I was wondering if someone has ideas about the electro magnetic radiation.

I was wondering if someone has ideas about the electro magnetic radiation. Someone advised to make a 4 layer print for leds controlled with high frequencies. However most strips and matrixes (rgb-123) have only 2 layers.

I really don’t think High frequency radiation is an issue with these addressable leds. as most of them aren’t really that fast, and most aren’t putting out enough signal during the data transfer process to do any harm. if i misunderstood you i apologize.

You understood well. Do you have an idea which kind of frequencies start to do harm?

I’m still looking for info on RF noise/EMI. I’ve found this document from TI: http://www.ti.com/lit/an/szza009/szza009.pdf

They write that you should take things in account when your signals are above 50kHz.
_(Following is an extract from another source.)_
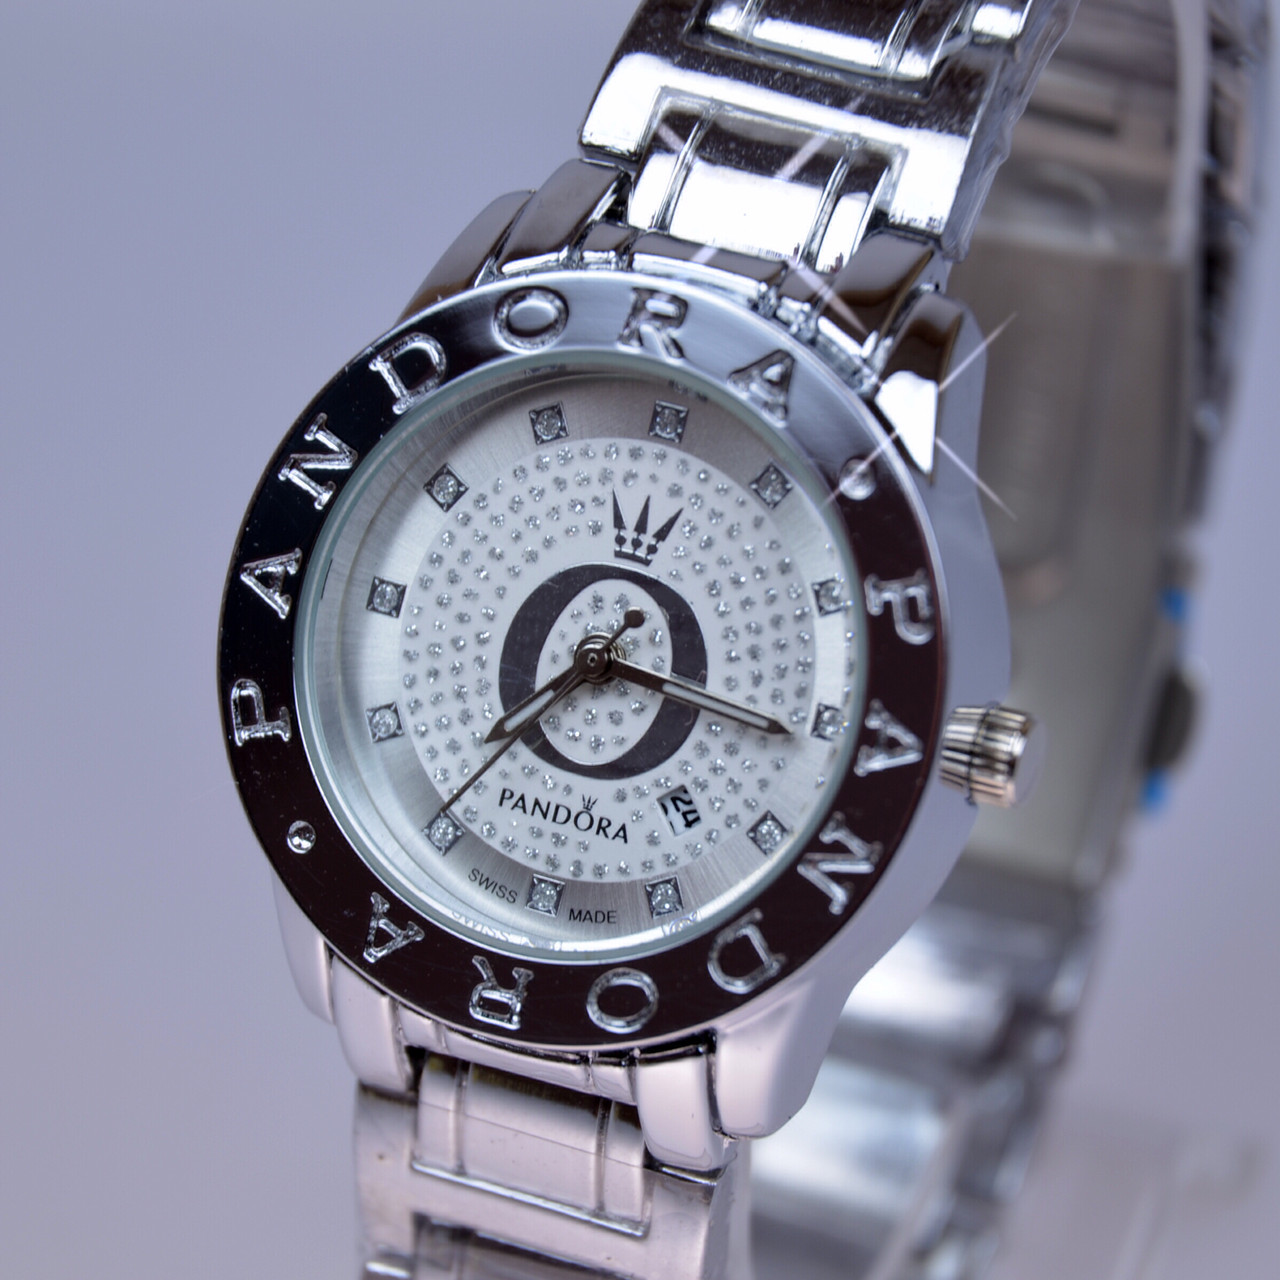 Женские наручные часы PANDORA (Пандора) В117 Silver

How much a pin is changed when controlling for example an APA102 at high speed?

50,000 hertz is awfully high. Most serial signals don’t reach that high, so i think you are safe. as for signal speed of that led. it mentions a signal speed of 800-1200kbps and it also mentions CKI (FCKI) frequency of 512khz, the bad English made it hard to understand so I’m not to sure what they are talking about there.
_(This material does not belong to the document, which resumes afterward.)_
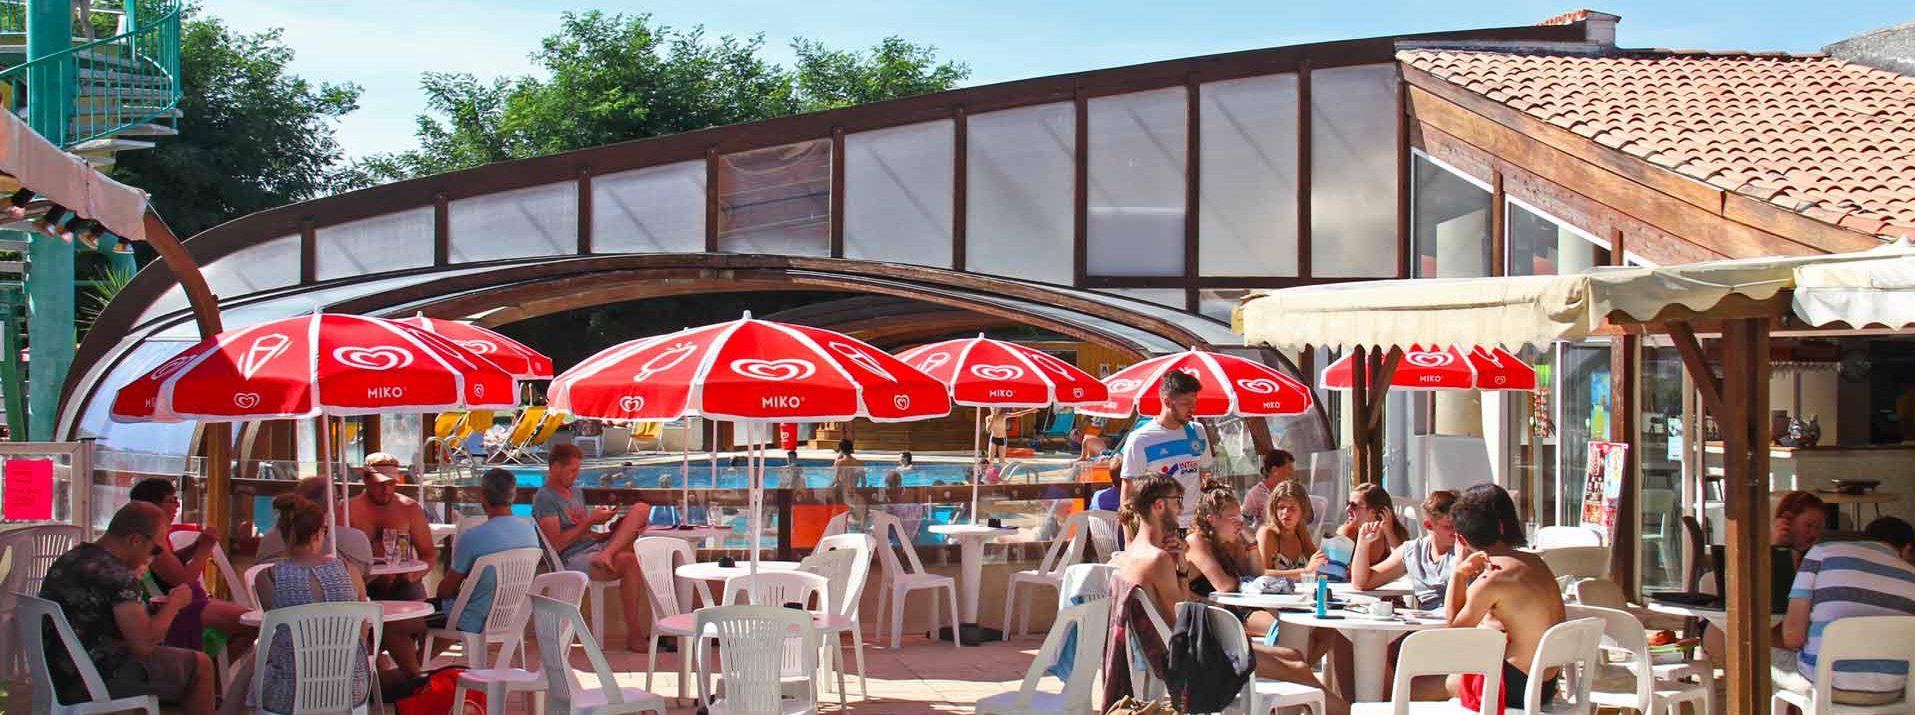 réception et services : confortablement installés sur la terrasse du bar de la piscine, les vacanciers se raffraichissent

But APA102 can be run at 20Mbps. +Daniel Garcia wrote: “APA102 first speed run reports. With a strip length of ~100 leds, I can run them at 20Mhz”.

Is 1000kbps not equal to 1000kHz? In order to send 1024000 bits on a ping you need to change the pin with a frequency of 1024000Hz (= 1024kHz)?

kbps != frequency. Thats at least what I have understood. there may be some kind of exception where 1,000,000 bytes of information a second is transferred on a frequency of 1,000,000 hertz. Kilo bytes per second is a measurement of data transfer size. kilo hertz is a measurement of radio wave frequency. these two are not the same as far as I know.

I was no talking about kilobytes, but kilobits. In the technical domain it’s kind of a frequency (how often a bit changes per second).